# Anybody else trying the 5:2 diet



## Klocky (Feb 6, 2013)

hello all, 

I started this diet 2 weeks ago and so far so good, however, on my "fasting" days I get a very upset stomach within about 15 minutes of eating my evening meal, so if anybody else is trying this diet I'd be very interested to know if anyone else is suffering similar problems.


----------



## megga (Feb 18, 2013)

I have been told that its not advisable for type 1's to go down this route, something to do with the 2 days fasting and liver kicking out glucose. Not sure about type 2's but keep us informed on your progress.


----------



## Northerner (Mar 6, 2013)

*Intermittent Fasting for Weight Loss, a Bad Idea*

A new diet has become all the rage in Britain and is now making landfall on our shores as well. It’s called the “Fast Diet” and millions of weight loss candidates already swear by it.

Like all commercial diet programs, this one promises quick results without much effort and little changes in established eating habits. Followers can eat anything they want for five days but then have to undergo a fasting period of 48 hours where they cannot consume more than 500 to 600 calories per day.

The authors, Dr. Michael Mosley, a medical journalist, and Mini Spencer, a food and fashion writer, claim they both have experienced amazing weight loss successes themselves while experimenting with various forms of intermittent fasting. They also believe their approach can promote overall health and even longevity.

http://blog.seattlepi.com/timigusta...ermittent-fasting-for-weight-loss-a-bad-idea/

(news article, but placed here as relevant)


----------



## yorksman (Mar 10, 2013)

5:2 fasting is a less harsh development of Alternate Day Fasting which is in turn a relaxation of a severe fasting diet called Calorie Restriction, about 600 cals per day. The primary objective of CR is not weight loss but to increase longevity by slowing the ageing process and reducing the possibility of developing various cancers.

The evidence for Calorie Restriction is better than for Alternate Day Fasting.

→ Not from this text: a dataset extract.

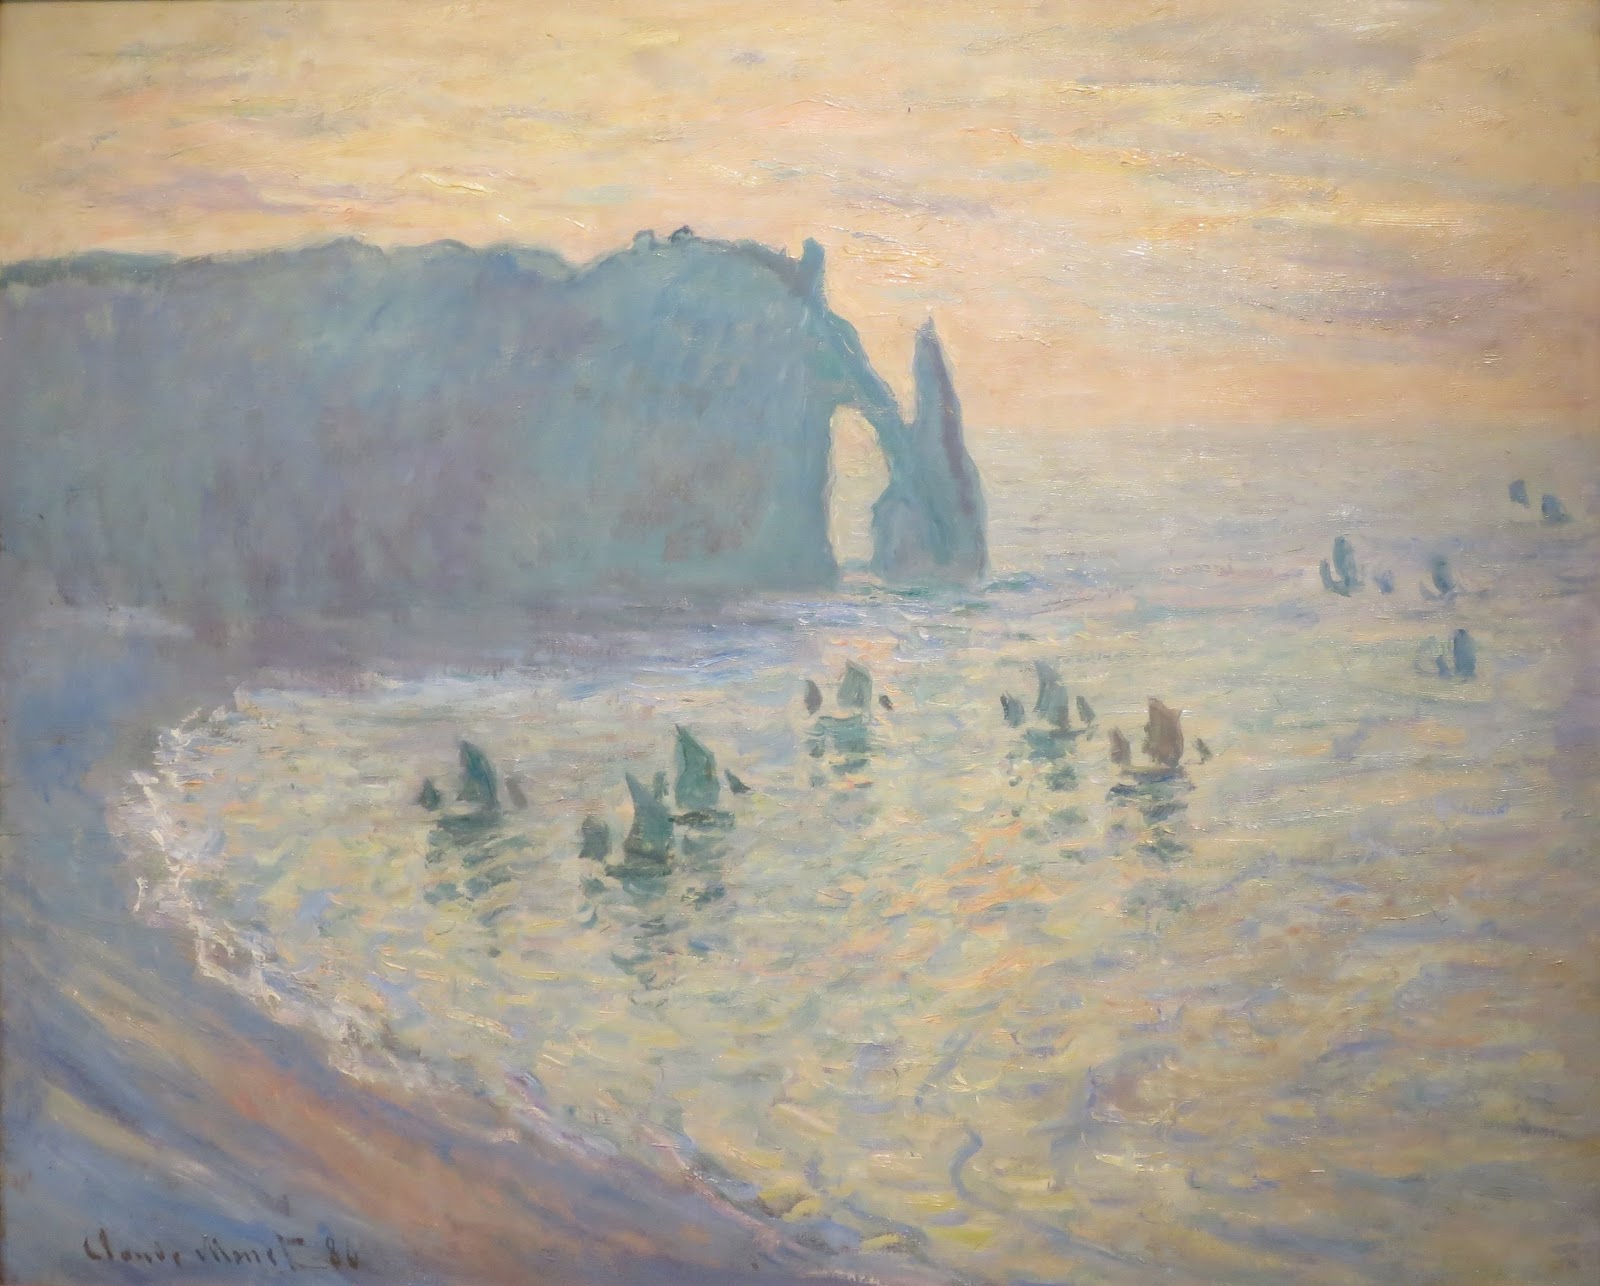 Claude+Monet-1840-1926 (729).jpg

Alternate-day fasting and chronic disease prevention: a review of human and animal trials

Evidence for increased longevity with the 5:2 diet is even less clear. However interest in weight loss was sparked when it was discovered that on non fasting days, people only ate 125% of their normal intake. It had been assumed that they may eat much more after a fast day. Overall, they eat less in a week on this diet.

Take for example someone who eats 2400 cals per day, ie 16,800 cals per week. On the 5:2 diet they should eat 1200 cals for the two 'fasting days', ie 600 per day and 2 days at 3000 cals per day, ie 6000 cals and 3 normal days at 2400 cals, ie 7200. The total intake is therefore 14,400 cals, a net saving of 2400 in one week. Hence, if weight is stable at 2400 cals per day, on the 5:2 diet you are likley to lose weight slowly, about as much as someone who dropped down to 2000 cals per day on a normal diet, 1/2 lb to 1 lb per week.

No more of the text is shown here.